Let’s break down the facts. The Dow just tanked 785 points on an oil spike, Europe is getting hammered by energy shocks, and the headlines are screaming about volatility. But XLK? Flat as a pancake, not even a twitch. According to Seeking Alpha, short selling and put buying in big tech are at levels that historically precede outsized rallies. The last time we saw this kind of positioning, the S&P 500 ripped higher, leaving bears scrambling for the exits.

The data is clear: the market is hedged for disaster, but disaster keeps missing its cue. The S&P 500’s implied volatility is elevated, but realized volatility is stuck in neutral. The VIX is up, but the tape is dead. That’s not complacency, that’s exhaustion. The market is daring the bears to push harder, and when that happens, it usually ends with a face-ripping rally.

Zooming out, the macro backdrop is a mess. Oil is surging, the Iran-U.S. war is roiling Europe, and the Fed is stuck between inflation and recession. Yet tech is the eye of the storm, refusing to budge. The AI narrative is still the only thing that matters, as Barron’s put it, and the K-shaped economy means capital keeps flowing to the winners. The last time we saw this setup, tech stocks rallied 20% in three months while everything else flatlined.

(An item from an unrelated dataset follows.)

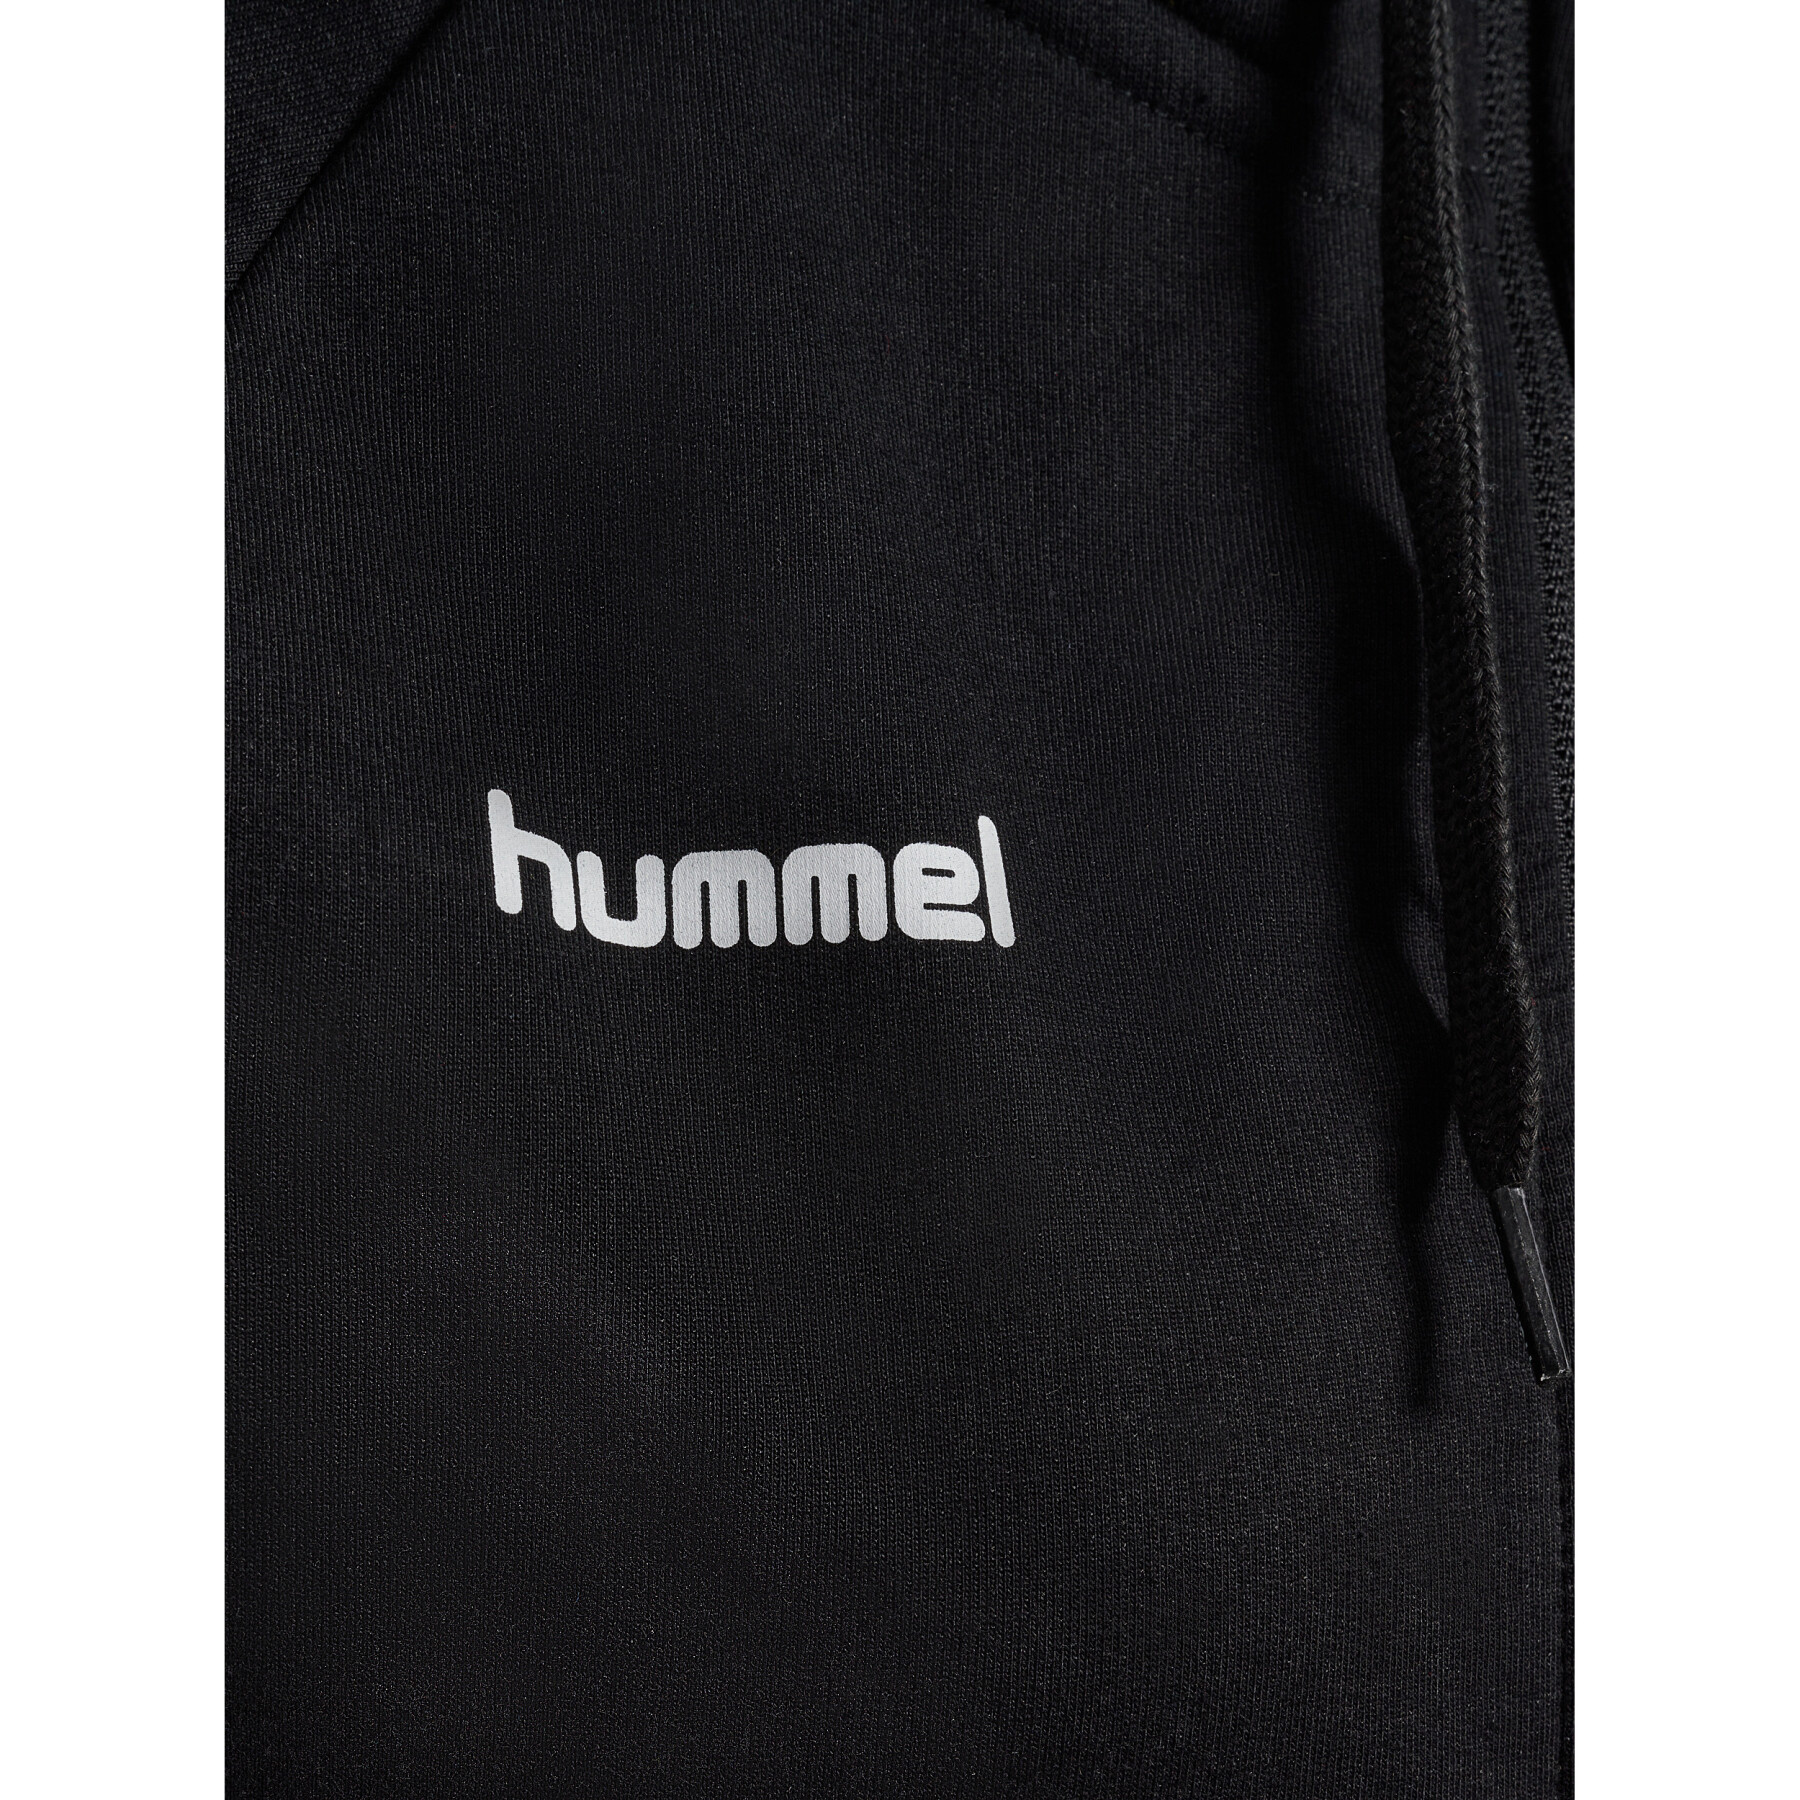 Women's zip-up jacket Hummel Hmlgo

So why aren’t the algos selling? Because the market is already positioned for Armageddon. Short interest in XLK components is at a two-year high, and put/call ratios are screaming fear. But with every failed breakdown, the pain for shorts gets worse. The real story here is not about fundamentals or macro, it’s about positioning. When everyone is on one side of the boat, the smart money gets off and starts buying.

Strykr Watch

Technically, XLK is coiled tighter than a spring. The $140 level has acted as a magnet for weeks, with every dip getting bought and every rally sold. The 50-day moving average is flatlining just below, while the RSI sits at a neutral 51. There’s no momentum, but there’s also no breakdown. The Strykr Watch to watch are $138 on the downside and $143 on the upside. A break above $143 could trigger a cascade of short covering, while a drop below $138 would finally give the bears their day. But with positioning this extreme, the odds favor an upside surprise.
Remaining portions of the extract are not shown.